Government Talking Like Normal People

OMG, The Government Will Talk Like Normal People

Well, maybe not with OMG or other text-speak. President Obama signed into law a bill that will go into effect October 2011, forcing the government to write clearly when issuing communications to the public.

Gone are the days of “Timely preparation, including structural and non-structural mitigation measures to avoid the impacts of severe winter weather, can avert heavy personal, business and government expenditures. Experts agree that the following measures can be effective in dealing with the challenges of severe winter weather.” The era of “Severe winter weather can be extremely dangerous. Consider these safety tips to protect your property and yourself,” has begun.
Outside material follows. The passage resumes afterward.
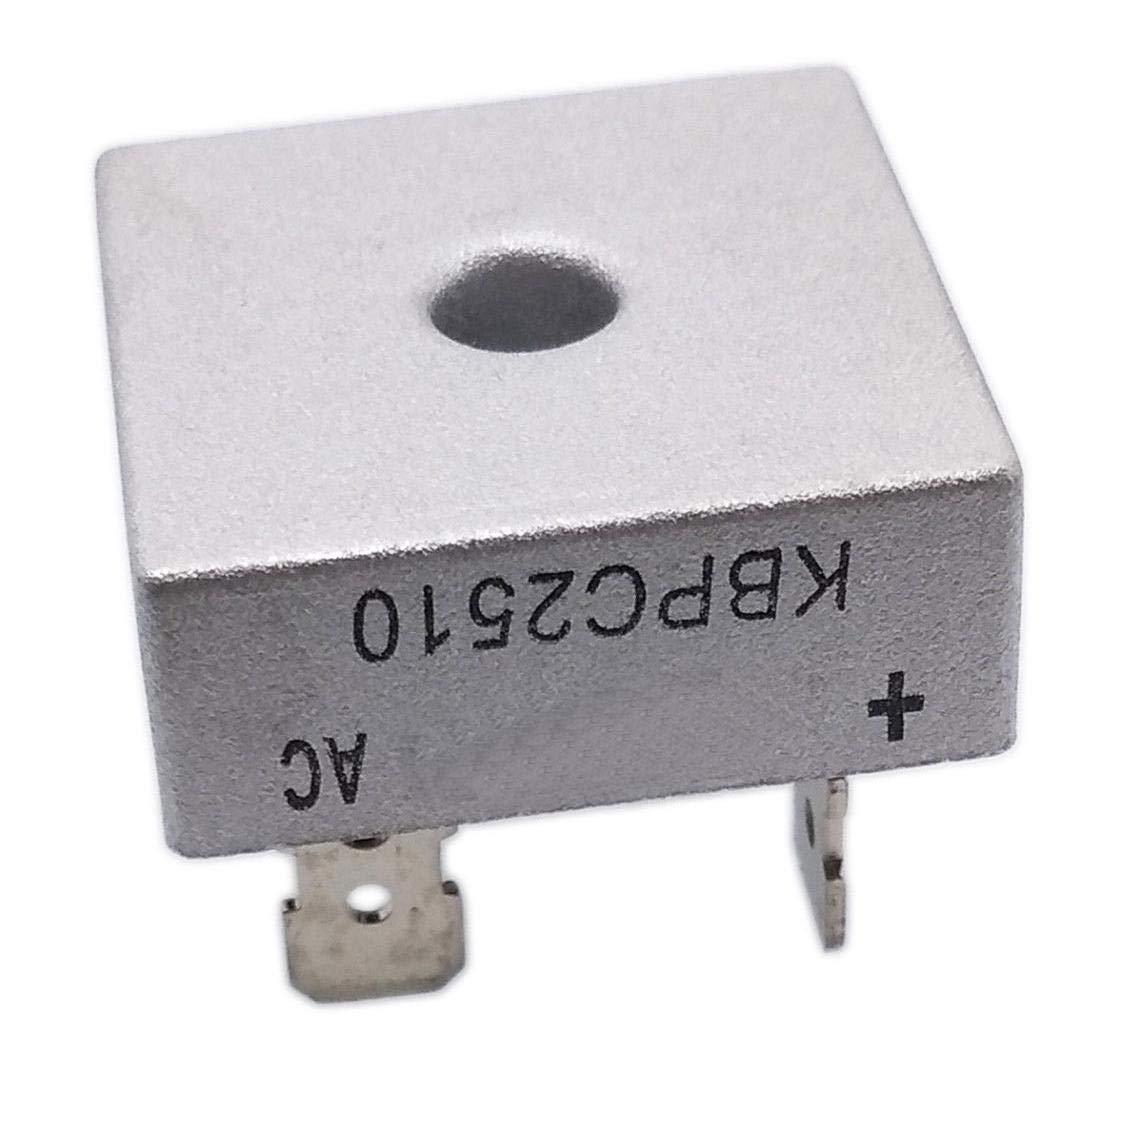 KBPC2510 25A Amp 1000V Volt Diode Bridge Rectifier 28 x 28 x 21mm

The legislation itself almost reads like a magazine article, full of Do’s and Don’ts for anyone writing government communications. The word “shall” is on the way out, as are “promulgated,” “thereunder,” “heretofore,” and “practicable.”

The new legislation also gives the impression of a kindler, gentler, more personal Uncle Sam. Agencies will be expected to say “we” when referring to the agency or government, and “you” when referring to the citizenry at large.

The biggest shock in all of this? The government must now say “Please.” Not often, of course, but “please” has been designated to replace the phrase “it is requested.” Instead of “it is required,” expect to see “you must.” The IRS is expected to enjoy the new language, as there will no longer be reason for a person to say they did not understand what they were supposed to do.

Another surprise winner here is the environmentalist crowd. Without all the unnecessary jargon cushioning everything the government says, government documents should be pages shorter than in days past.

For those who would bemoan the loss of flowery language taking more space than is needed to illustrate a point, fear not- regulations are not required to follow these new strictures, and agency-to-agency communications are likewise exempted.